Monday, July 17, 2006

Random Notes

farPhew! Getting back to regular blogging is difficult. Baby Elias is high maintenance. At least I have been able to read some novels, notably Sigrid Undset's Gunnar's Daughter (about sex and violence at the end of the Viking Age) and CF Meyer's The Saint (an interpretation of Thomas Becket as a convert and hero to the suppressed Saxon majority of England.) Currently, Maryse Condé's epic Segu, about the decline of the Malian kingdom with the encroachment of Europeans and Islam, is grabbing my attention.

Some of the notes that Condé strikes are present in "The Sufi Shaykh" by Ibrahim al-Koni, featured in Words without Borders look at Libyan literature. Reflecting the real conflicts between Islamic clerics and "fetishists" over slavery and marriage, the extract highlights the tensions caused by imposition of cosmopolitan religion over traditional practices.

"Tragedy on the Araxes" profiles an unfolding archeological tragedy in Azerbaijan. The government has been demolishing the cemetery of Djulfa and its distinct khachkars (burial monumnets) in an effort to remove evidence of Armenian settlement in the country.
... most of the famed khachkars are from the fifteenth and sixteenth centuries, when the town was at its most prosperous as a stop on the silk and spice trade routes between Asia and the Mediterranean. After the forced resettlement of 1604, the graveyard endured, and was visited by travelers from within and outside of the Caucasus over the next few centuries. They saw slabs of pink and yellowish stone, between six and eight feet high, intricately carved in relief. Most khachkars, which were believed to aid in the salvation of the soul, were decorated with crosses and representations of Christian holy figures, as well as depictions of plants, scenes of daily life, geometric designs, and epitaphs in Armenian ...

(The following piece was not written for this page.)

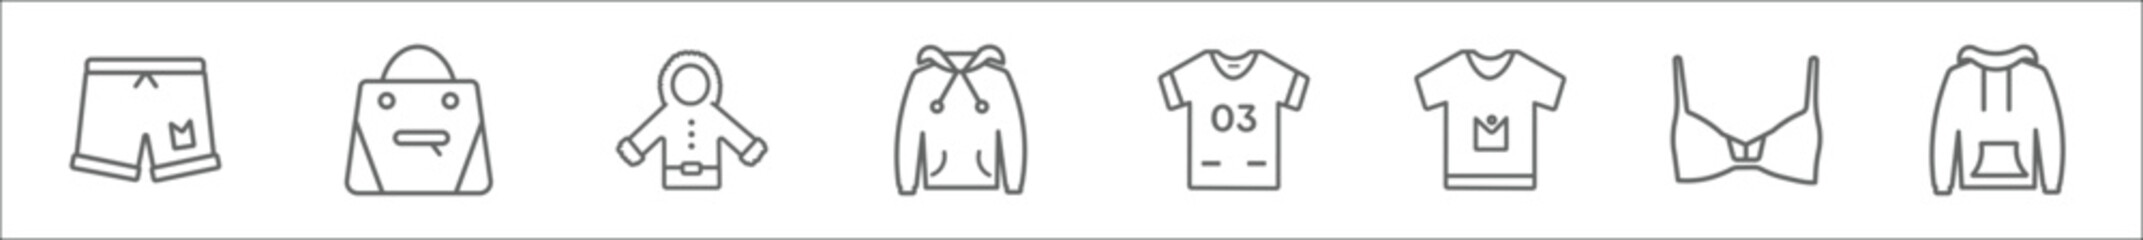 outline set of clothes line icons. linear vector icons such as shorts, hand bag, parka, hoodie, jersey, t shirt, bra, sweatshirt

... In 1998, the Armenian government claimed that Nakhichevan's Azeri authorities were deliberately wrecking the cemetery in an act of symbolic violence and had destroyed 800 khackhars. The Armenians appealed to UNESCO and the International Council on Monuments and Sites (ICOMOS), trying to get "the entire international community up in arms," according to deputy culture minister Gagik Gyurdjian. UNESCO responded by ordering an end to all destructive activity in Djulfa. However, the demolition began again in 2002, according to RAA and local witnesses. The last remains of the cemetery were obliterated this past December. Over a period of three days beginning on December 14, 2005, a large group of Azeri soldiers destroyed the remaining grave markers with sledgehammers, loaded the broken stones onto trucks, and dumped them into the waters of the Araxes. That is what witnesses who watched the devastation from across the river in Iran say happened ...

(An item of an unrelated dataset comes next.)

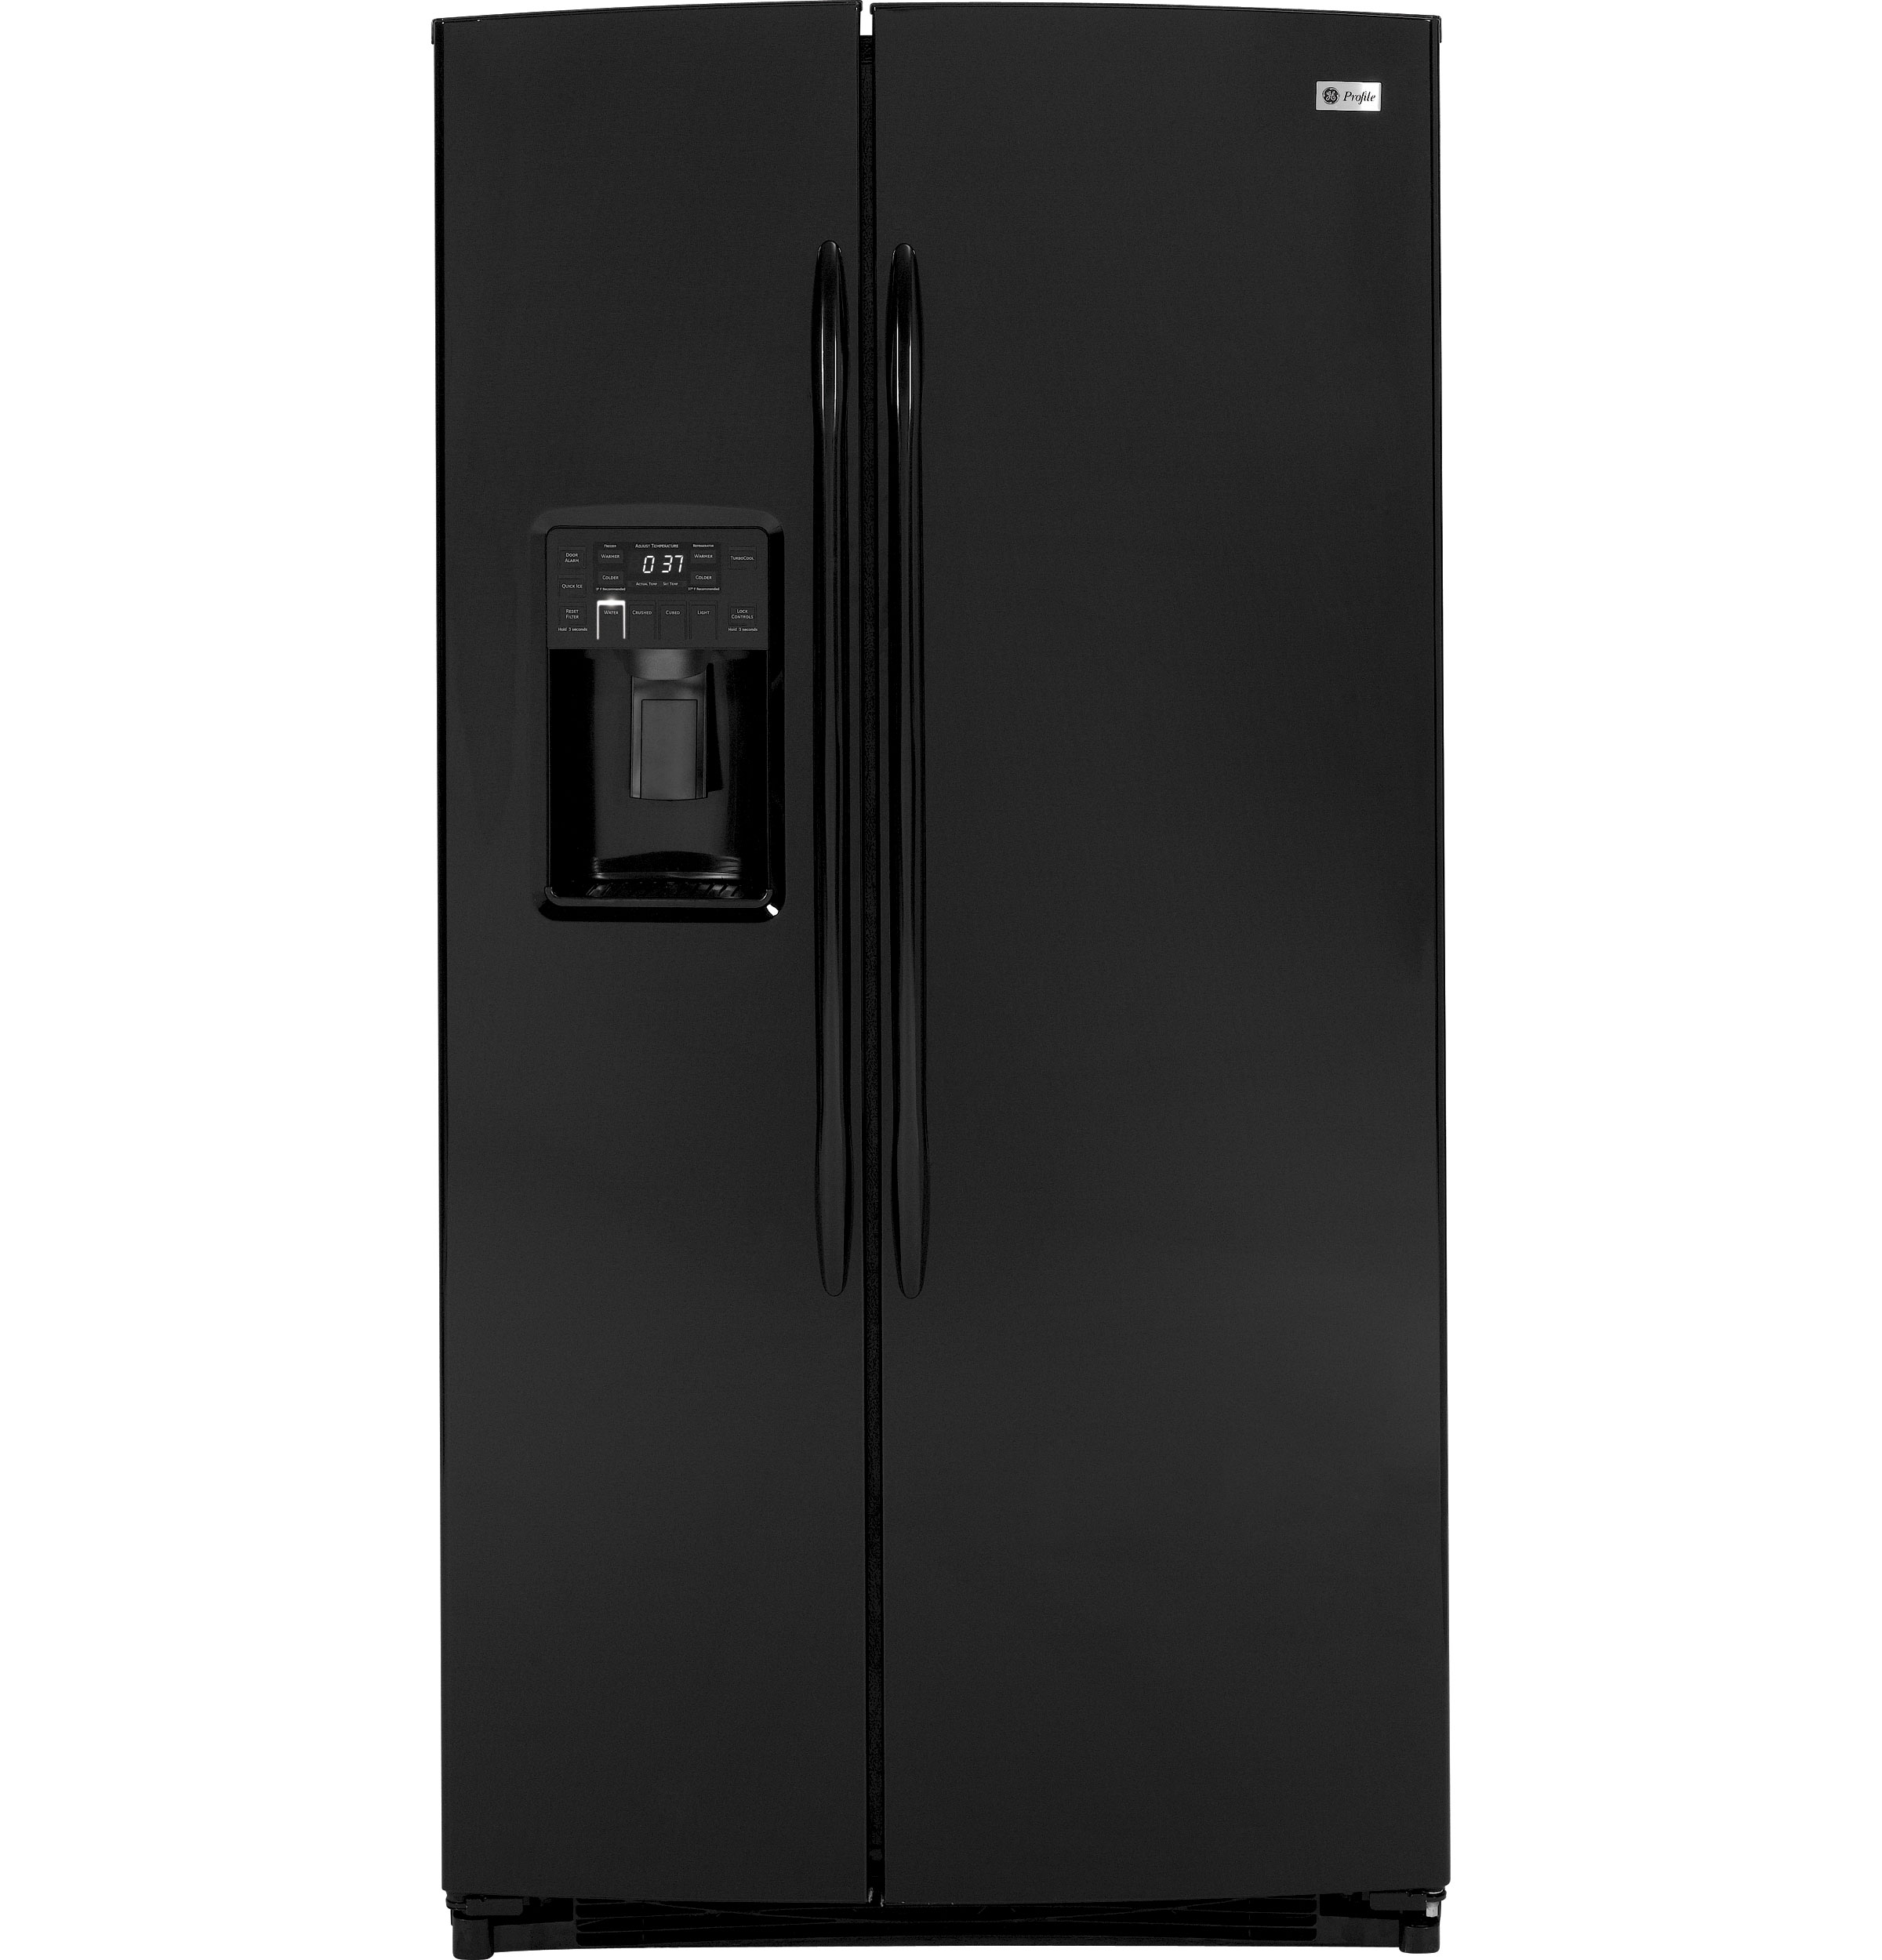 GE Profile™ ENERGY STAR® 25.9 Cu. Ft. Side-by-Side Refrigerator with Dispenser

Andrew of AIR, friend of this blog, has the new History Carnival. Check it out.

[ETA] I bought a copy of We Jam Econo: The Story of the Minutemen. Very cool look at one of my favorite bands, perhaps the best to ever come out of Southern California, and certainly the most musical and literate post-punk/hardcore outfit. Essential for anyone who read Our Band Could be Your Life.



[ETA, part deux] I hope that people have been keeping up with Joel's 'Word Catcher Tales', his musings on Japanese language and culture, at Far Outliers. A few weeks ago he mused on the geographical mentality of humans to see some places as being up, others down, with reference to power rather than position. (Of course, I added my two cents.)

2 Comments:

At 9:39 AM, Blogger air said...

I find it pretty funny that, according to Librarything, we only share three books in our libraries. One of which is Our Band Could Be Your Life.

And I really need to get me some Minutemen albums. Somehow in my quest to get more 80s punk and hardcore they've been missed.

And thanks for the link.

 
At 10:04 AM, Blogger Nathanael said...

Actually, I own thirteen books on your list, and have read a few more. I keep meaning to get a larger Library Thing account, but I am afraid that I would spend all my time entering the thousands of books I've accumulated.

I wish I had seen the Minutemen play live ... alas, I was too young, but I did see Firehose in an early gig.